As a first team All-American at West Virginia University, Sam Huff played in the Sugar Bowl 55 years ago. I don’t want to speak for Mr. Huff, but had he joined the other Sugar Bowl legends at the game last week, I’m sure he would have agreed that the best “man” won; but I wonder what he thinks of the unsportsmanlike system that has unfairly prohibited the men from the Mountain West Conference (and a thousand other NCAA Division I-A athletes who play in an “ugly stepsister conference) to ever have the chance to prove themselves, unarguably, the Best in the Nation.
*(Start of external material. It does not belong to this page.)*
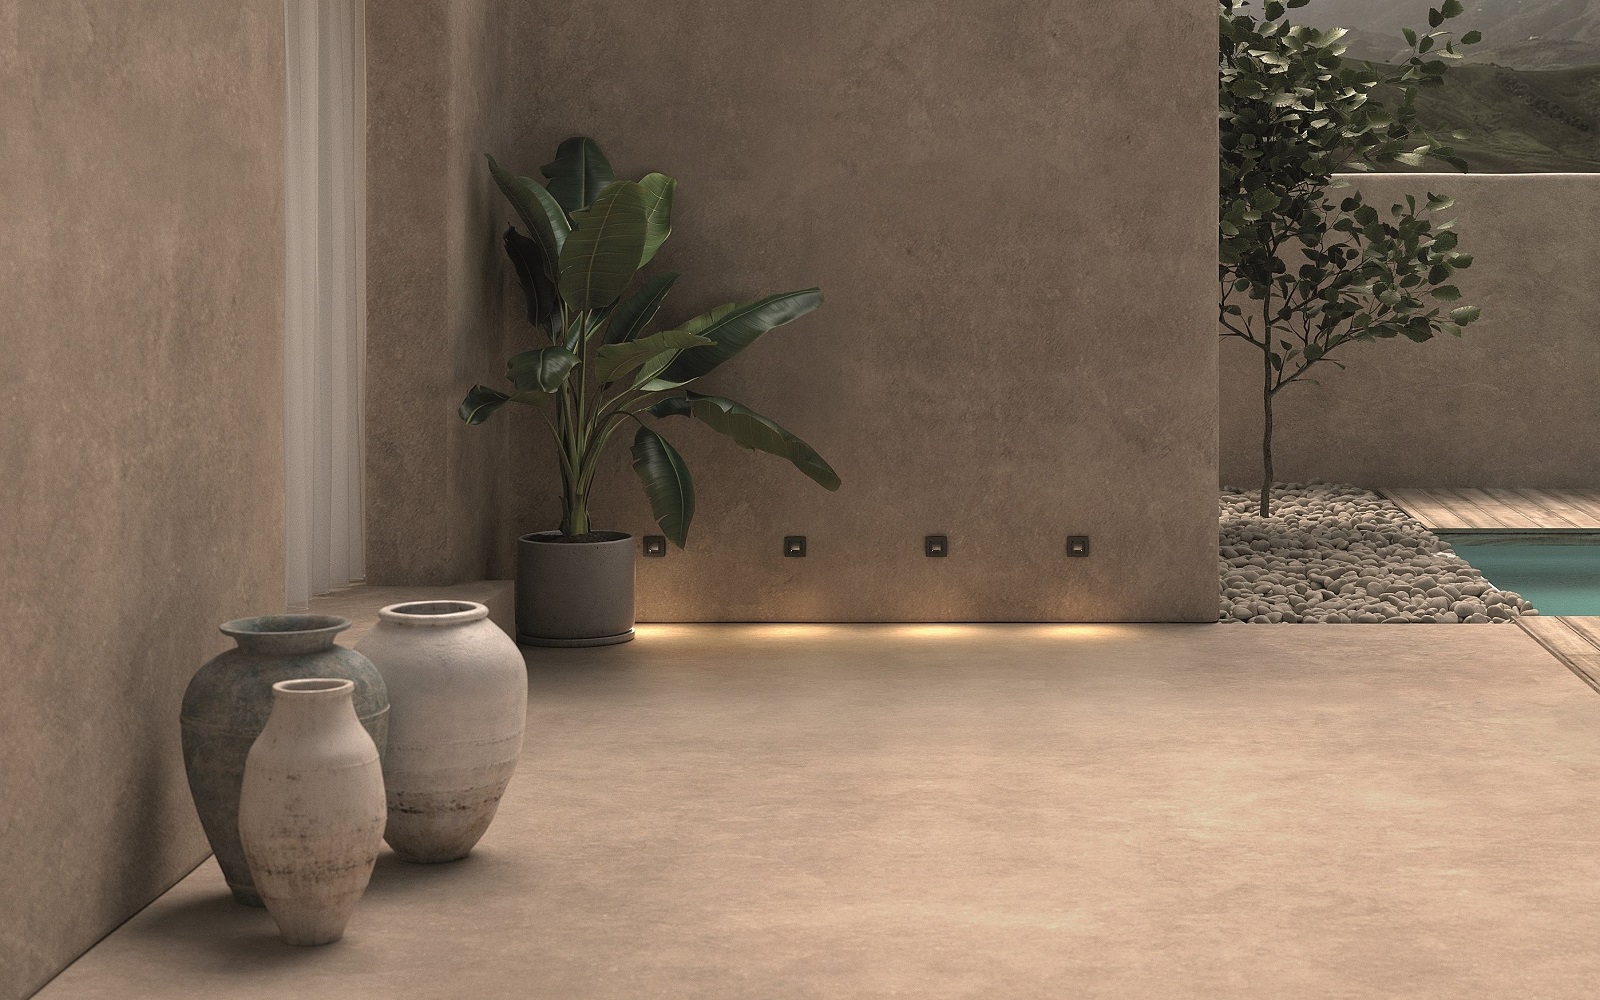 natural adobe house with terracotta pots and Click outdoor lighting from LedsC4

Instead, the BCS has artificially crowned THEIR national champion.
By now it's widely known that I am looking into the possibility of bringing an antitrust action against the BCS. The support from around the country has been overwhelming. However, a few have questioned my motives. Perhaps the following information will better explain the nature and purpose of my inquiry and why I have a duty to proceed with at least full due diligence in assessing whether to bring an antitrust action against the BCS:
1. As Attorney General, I have a duty to enforce federal and state antitrust laws.
2. The U.S. Supreme Court has ruled that antitrust laws apply to NCAA athletics.
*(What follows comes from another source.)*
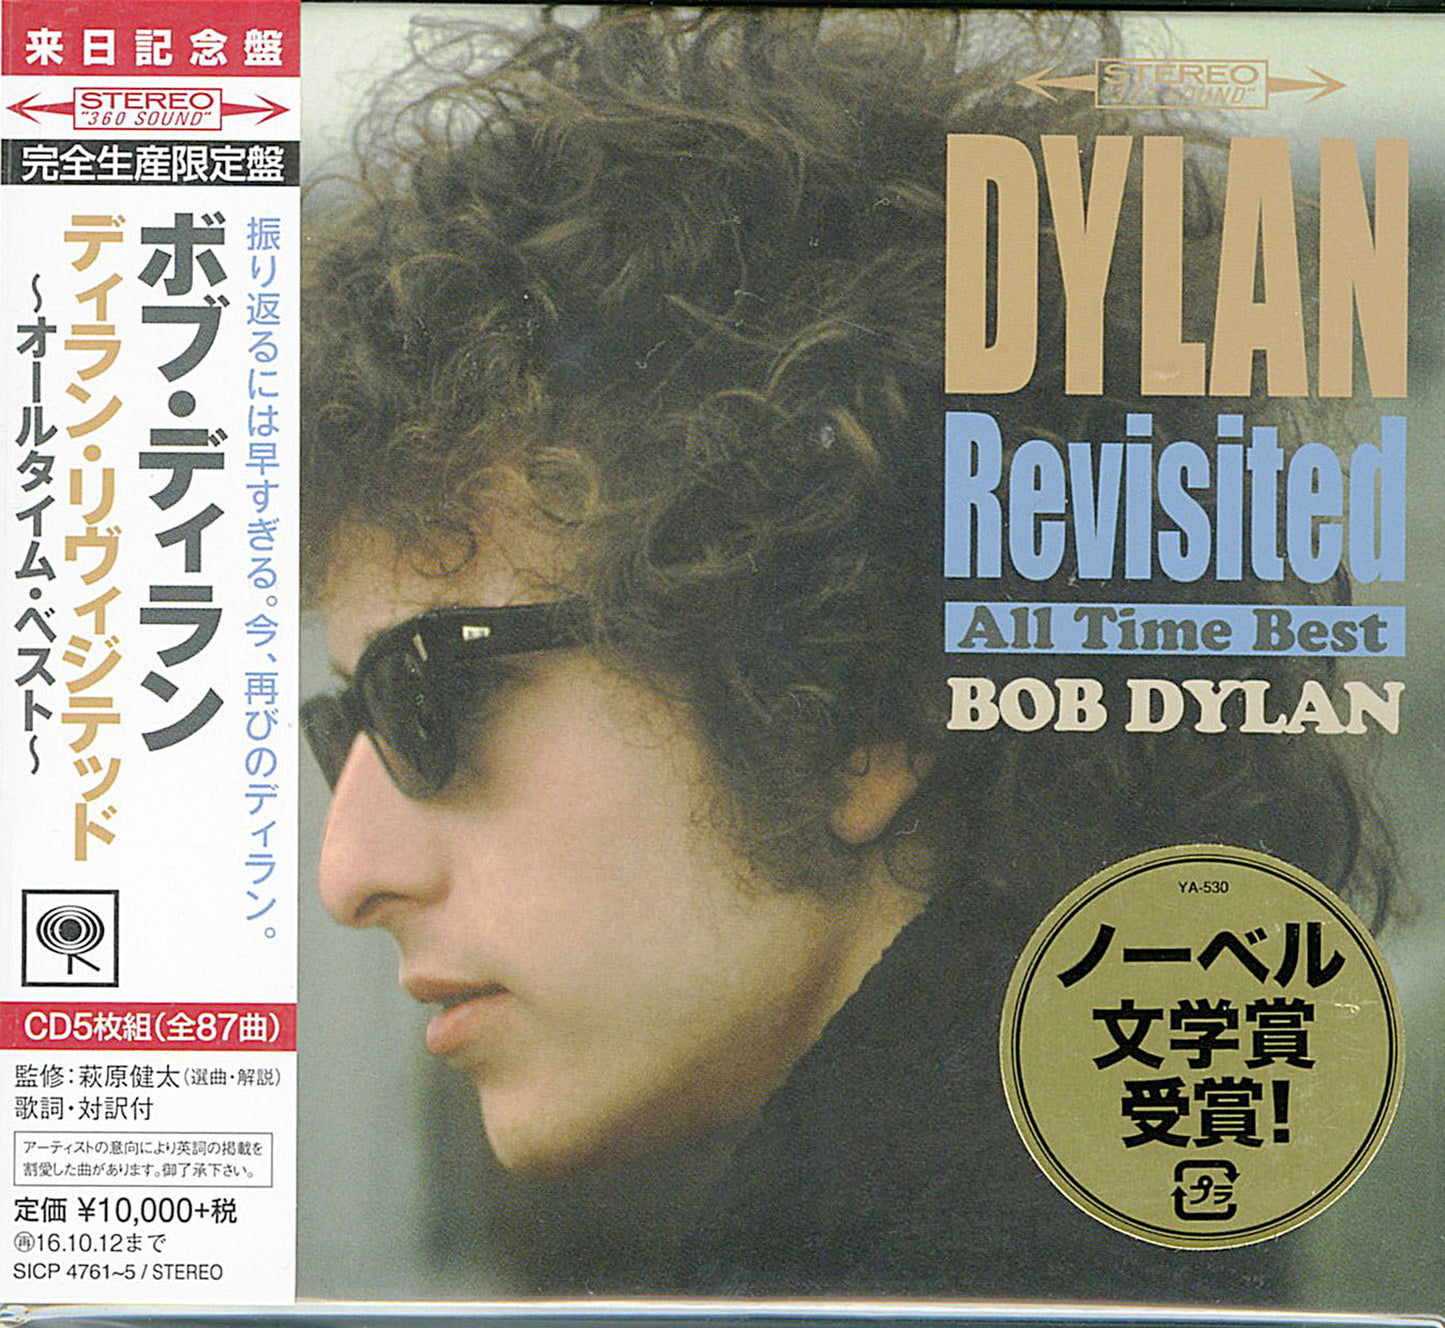 Bob Dylan - Dylan Revisited All Time Best - Japan 5 CD Limited Edition

3. The University of Utah and some other NCAA Division 1-A schools in Utah are taxpayer funded institutions and I have a duty to protect and defend them against violations of the law.
4. The BCS system involves millions of dollars a year of potential revenue to these institutions that could help replace dwindling taxpayer generated general fund monies. For the 2007-2008 bowl season, the BCS Championship Series distributed about $143 million in gross income for the twelve conferences participating in the BCS System. Two million dollars went to other miscellaneous distributees. Of that $143 million in gross income, 88% went to members of the six conferences with preferred eligibility to the Championship Series Bowls (with about 65 schools participating) and 12% went to six conferences with non-preferential eligibility (with about 54 schools participating). A similar split in the distribution of Bowl Championship Series gross income occurred in prior years. Additionally, the right of preferred entrance teams to act as the host venues for bowl games generates, according to the BCS, about $1.2 billion in secondary income benefits.
5. These schools, and my office, recognize the tremendous positive aspects of college sports and the great benefit a winning team can provide for the institution as well as the state.
6. If a system unreasonably restrains the opportunity of our educational institutions to freely and fairly compete to be designated as a national college football champion-a designation desired by football fans throughout the nation-such a system could unfairly deprive our institutions and my state of these important and significant revenues.
The stated purpose of the NCAA is: “to govern competition in a fair, safe, equitable and sportsmanlike manner.” Hopefully the NCAA will get back to the basics and take back I-A football and create a fair and equal playoff system. Until then the Utes have as much right as the Gators to claim that this year the best men in college football did win - in New Orleans!